# Help With ND Elk Hunt!!



## single_shooter (Sep 30, 2006)

I was lucky enough this year to draw a ND Cow Elk Tag for Area E2. I am having trouble with getting information from Landowners and locals. I live in Fargo and I am the Hunting Manager for Sportsmans Warehouse. This time of the year is our busiest time of the year. Taking more than a couple days off at a time is out of the question. I would be happy with any information anyone could give me on where to start looking to fill this tag. Please email me @ [email protected] or call me @ 701-388-6777. I just need some direction on where they might be. Where they could be, or even landowners and locals that would be willing to talk to an outsider.

Thanks,

Shawn Porter


----------



## Sasha and Abby (May 11, 2004)

You might consider scouting a little. Or you can hire an outfitter who will do the work for you...


----------



## Nate (Sep 11, 2003)

I live in West Fargo and had an ND elk tag in E1 (NE corner of the state) 2 years ago, and I can tell you from personal experience that you are going to have to put some hard work into it.
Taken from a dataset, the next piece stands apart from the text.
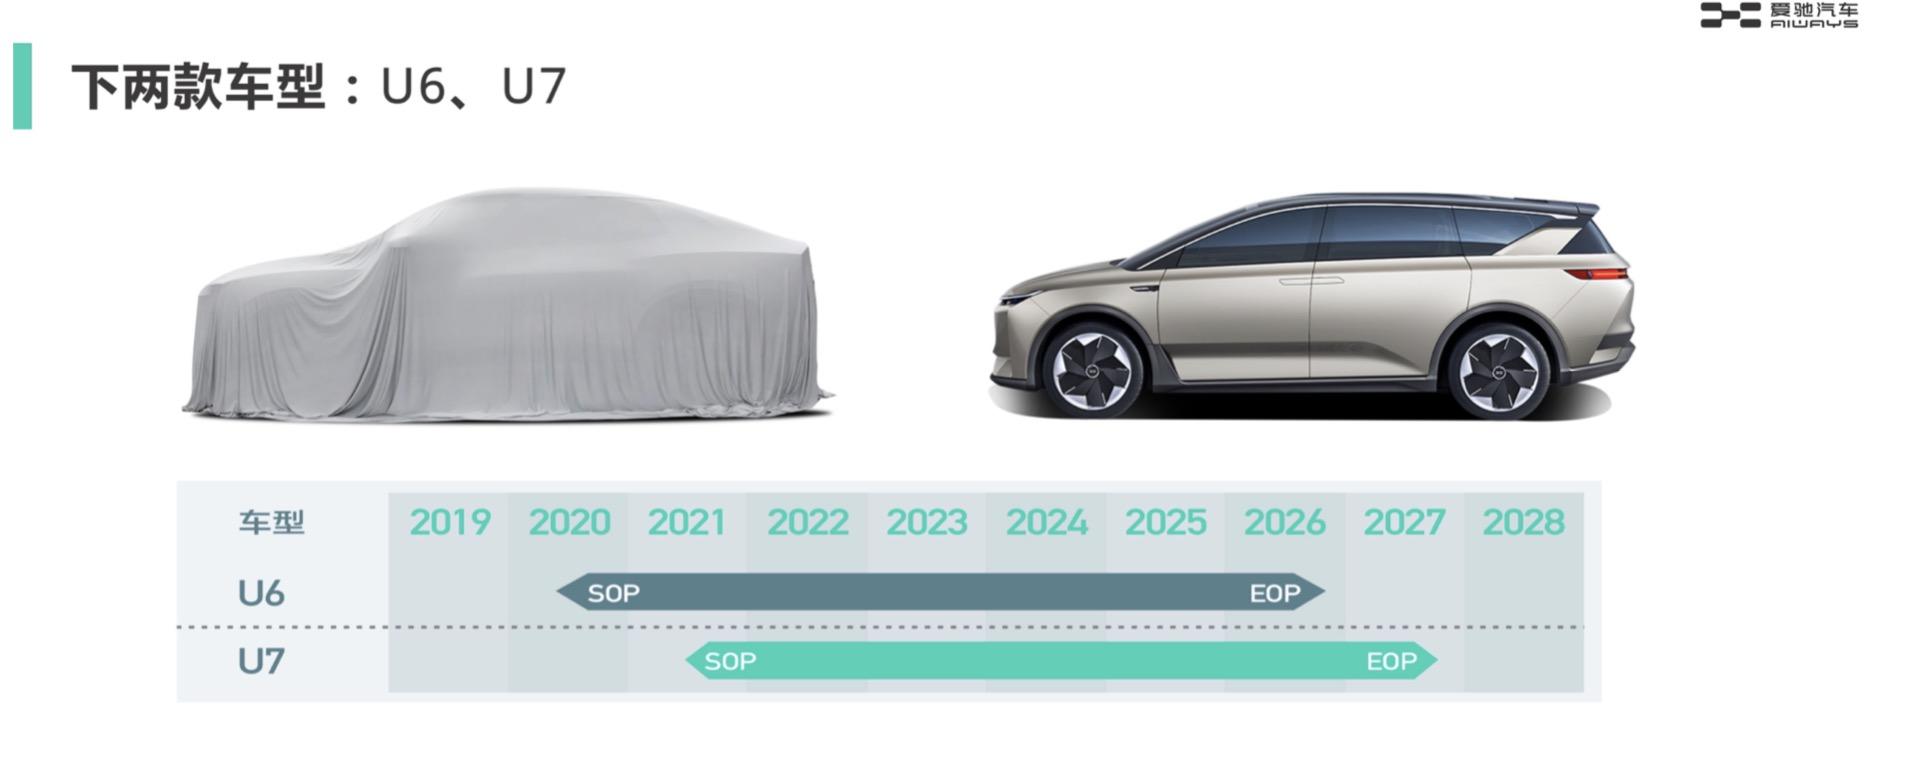 爱驰公布未来新车计划 U6将于2020年北京车展发布(第1页) -

You put in for a elk tag and drew one, now you have a responsibility to uphold. If you are having trouble getting info from landowners and locals, then you are not trying hard enough. Many people would love to have the elk tag that you got in the mail, and those people would be willing to do whatever it takes timewise to get an elk. I hunted a total of 13 days, and saw 2 Elk. Luckily I tagged one. If you put in the time and effort to meet landowners and locals, you will find a place to hunt. As in E1, I am sure alot of the landowners have had gratis tags in the past, and can give you info, as they are experienced Elk hunters. Your comment about being so busy at work makes me wonder if you should have put in for a tag in the first place if you do not have the time to dedicate to this hunt. This is a once in a lifetime tag if you are not a gratis tag holder. Try harder......


----------



## deuce (Sep 29, 2006)

contact robert kleeman of killdeer. he put me on elk a couple years ago and my buddy shot one on his property last year. best of luck to ya.


----------



## Nate (Sep 11, 2003)

Can you get a list of contacts from the state for the Killdeer area? Seems to me that elk hunters in the past were put in contact with landowners with "problem" elk.


----------